_Exercise_
In the material below, find the line with "https://cheval" and the line with "54f03f9298e Puma Golf", then output those two lines and every line between them, exactly.

_Data shown_
*** Begin section ***
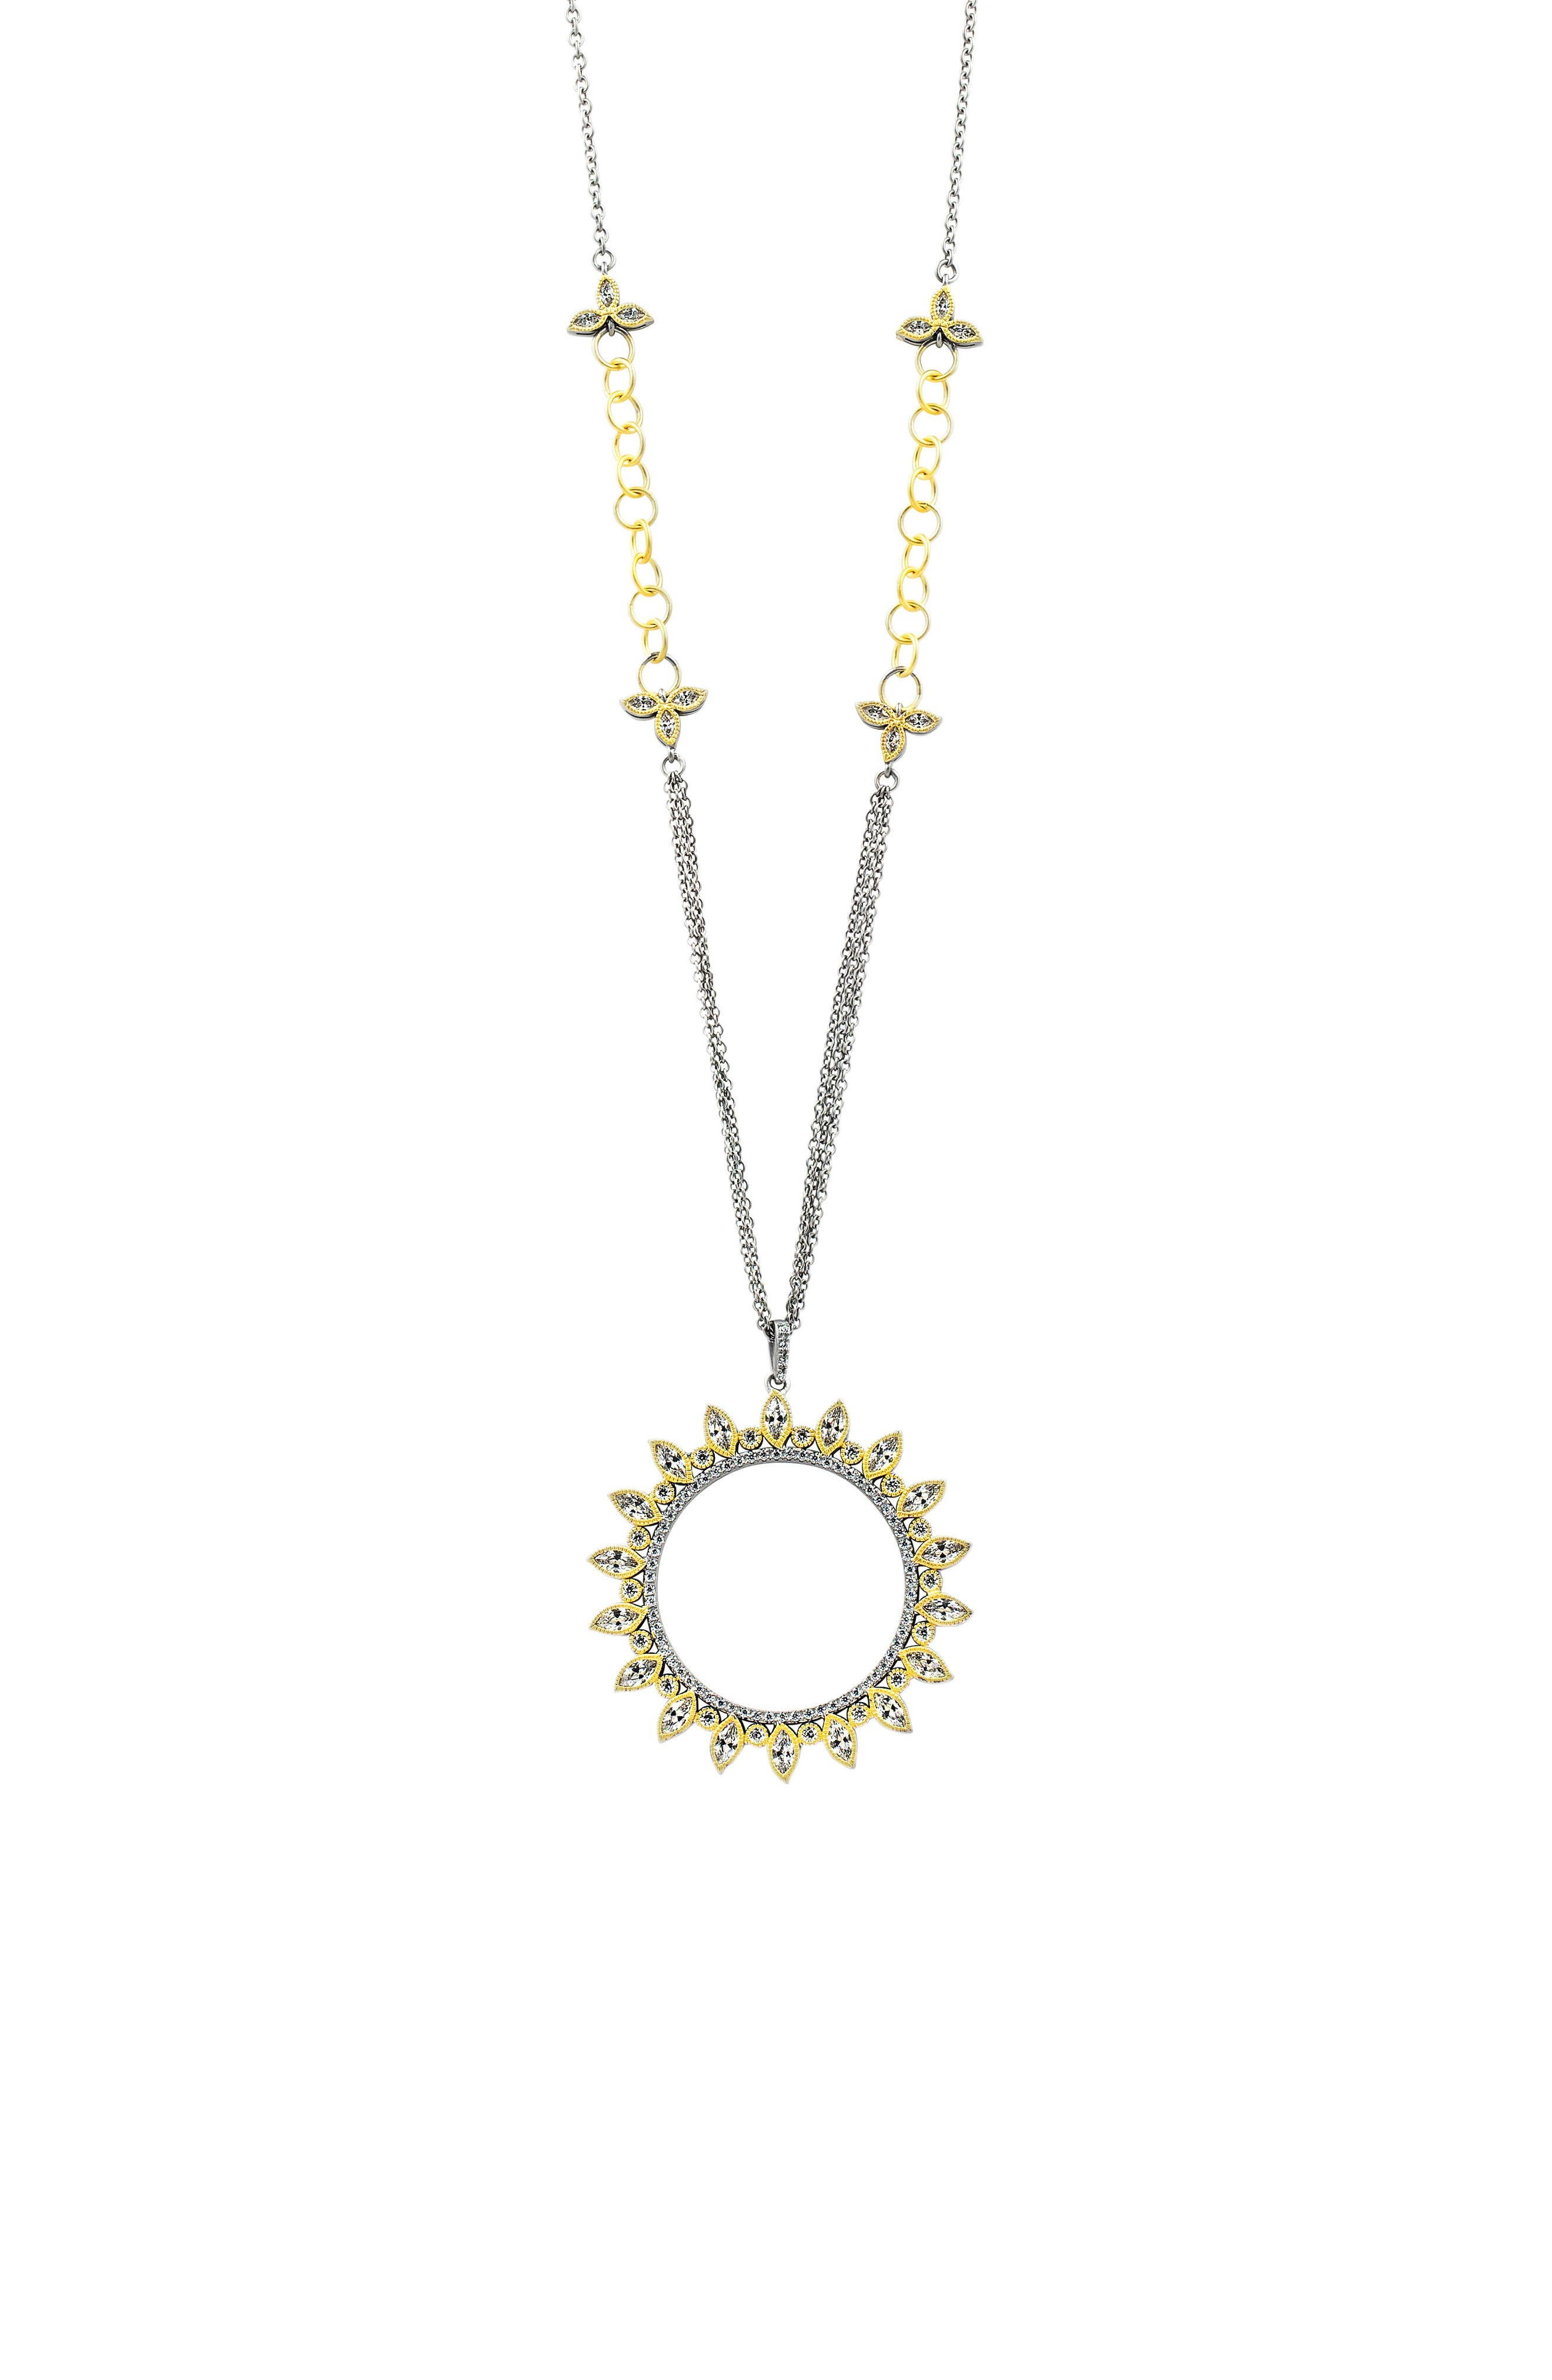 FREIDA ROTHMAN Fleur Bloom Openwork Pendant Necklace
*** End section ***
*** Begin section ***
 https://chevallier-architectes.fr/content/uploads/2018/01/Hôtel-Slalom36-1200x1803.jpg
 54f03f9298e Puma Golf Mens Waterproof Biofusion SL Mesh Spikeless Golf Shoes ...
*** End section ***
_Output of the exercise_
 https://chevallier-architectes.fr/content/uploads/2018/01/Hôtel-Slalom36-1200x1803.jpg
 54f03f9298e Puma Golf Mens Waterproof Biofusion SL Mesh Spikeless Golf Shoes ...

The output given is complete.